There is also a feeling that traditional environmentalism has been weakened by too many extraneous causes. Again McCloskey: "We began [in the 70s] to do the work of other movements, trying to deal with social ills, war, the tax system, etc. In the name of environmentalism we were asked to do too much, to do more than society as a whole could do."
On the other side of the street, the humanists are increasingly critical of naturalists for not doing enough, taking too narrow a view.
"We are shifting to people-oriented cases, away from wildlife activities," says Bill Butler of the Environmental Defense Fund. "Toxic chemicals and energy are now 80% of our cases. At times our interests clash and we have to tell wildlife people, like the Friends of the Earth, to get another group to represent them. We can't say protect seals when our scientists say there are enough seals. Wildlife people have some very impractical ideas."

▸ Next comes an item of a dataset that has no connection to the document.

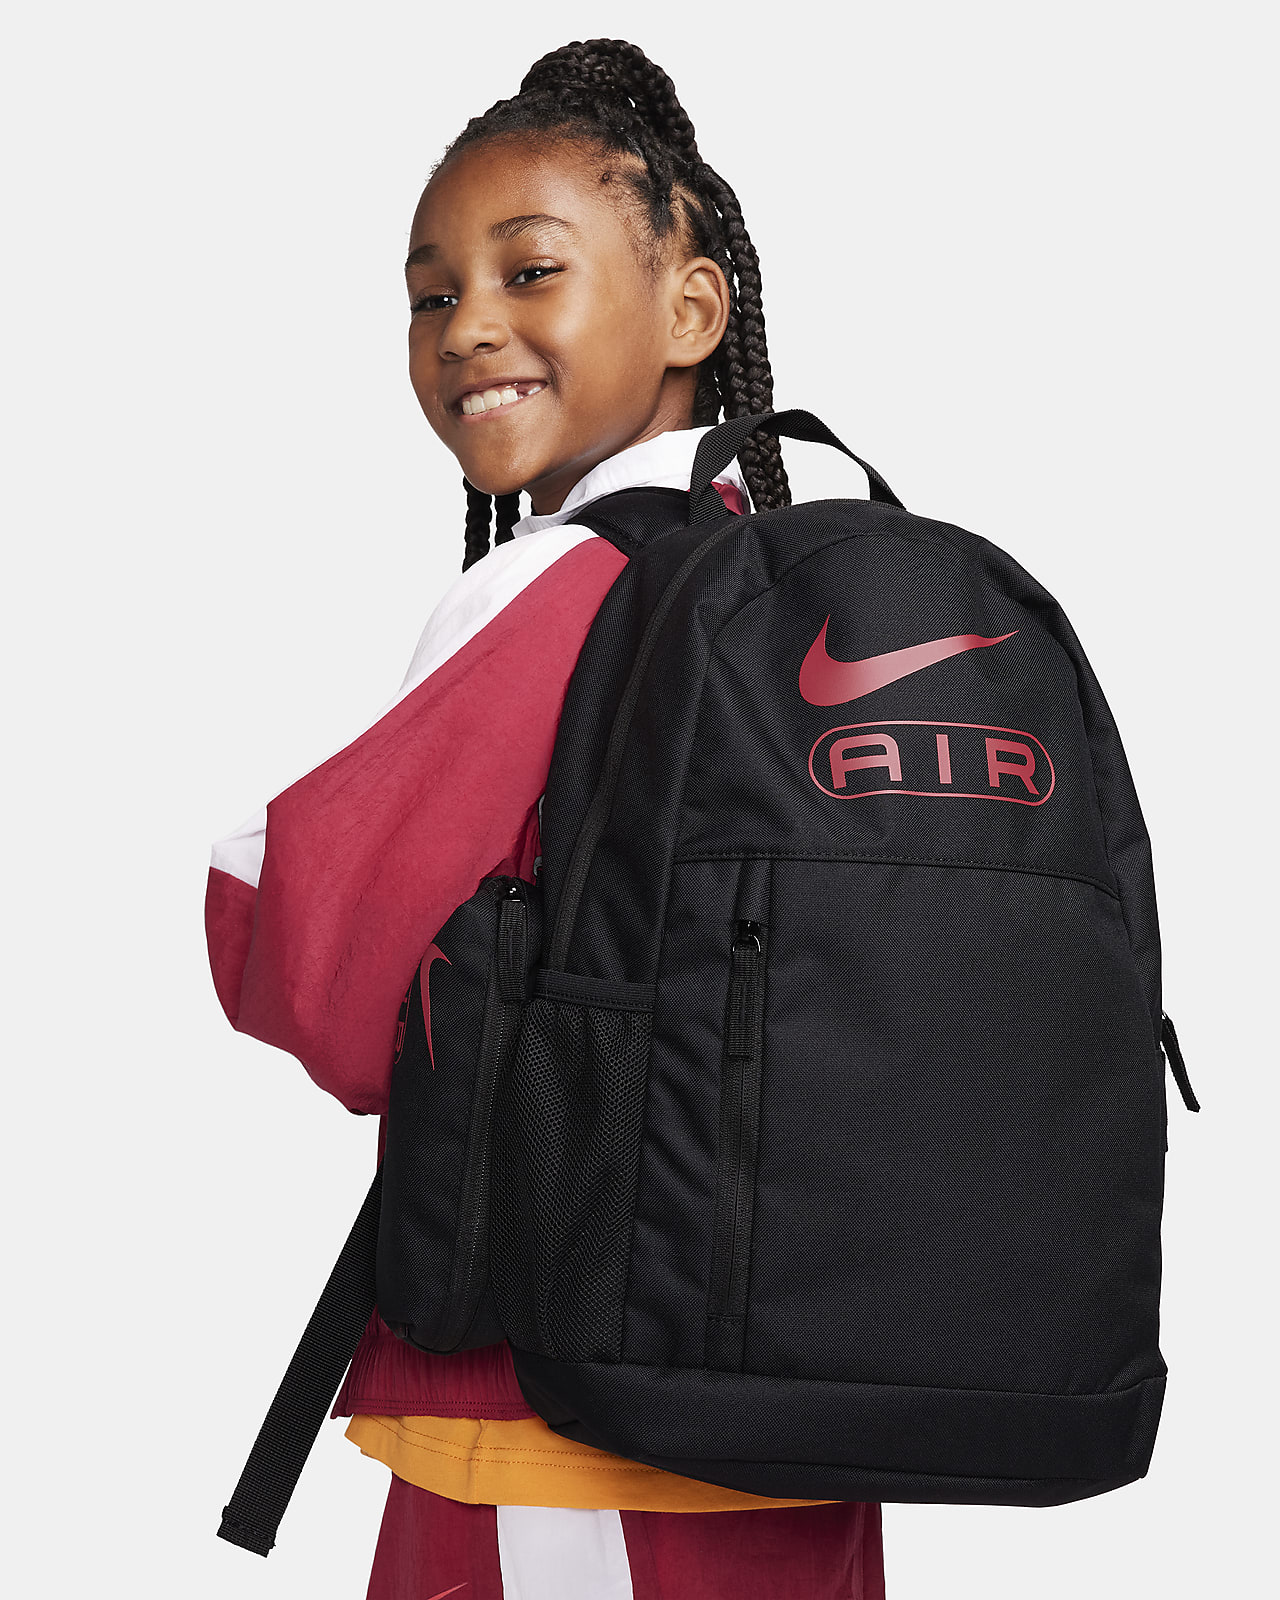 Nike Rugzak voor kids (20 liter)

"Conservation groups are good organizations, and we appreciate their leadership," says Marlin Fitzwater of EPA, "but until recently they tended to emphasize esthetics. Wetlands and forests are important, but the gut issue is public health—bronchitis and emphysema—the fact that the air is so bad in Los Angeles that on about half the days of the year it is unsafe to jog outside."
It appears unlikely that the coolness between the humanists and naturalists will result in outright divorce; both parties still have many common interests and objectives. However, a not unlikely development within the movement is that the divisions between the two will become more apparent, their mutual causes and concerns will become more specialized, and the competition for public attention and support will become sharper.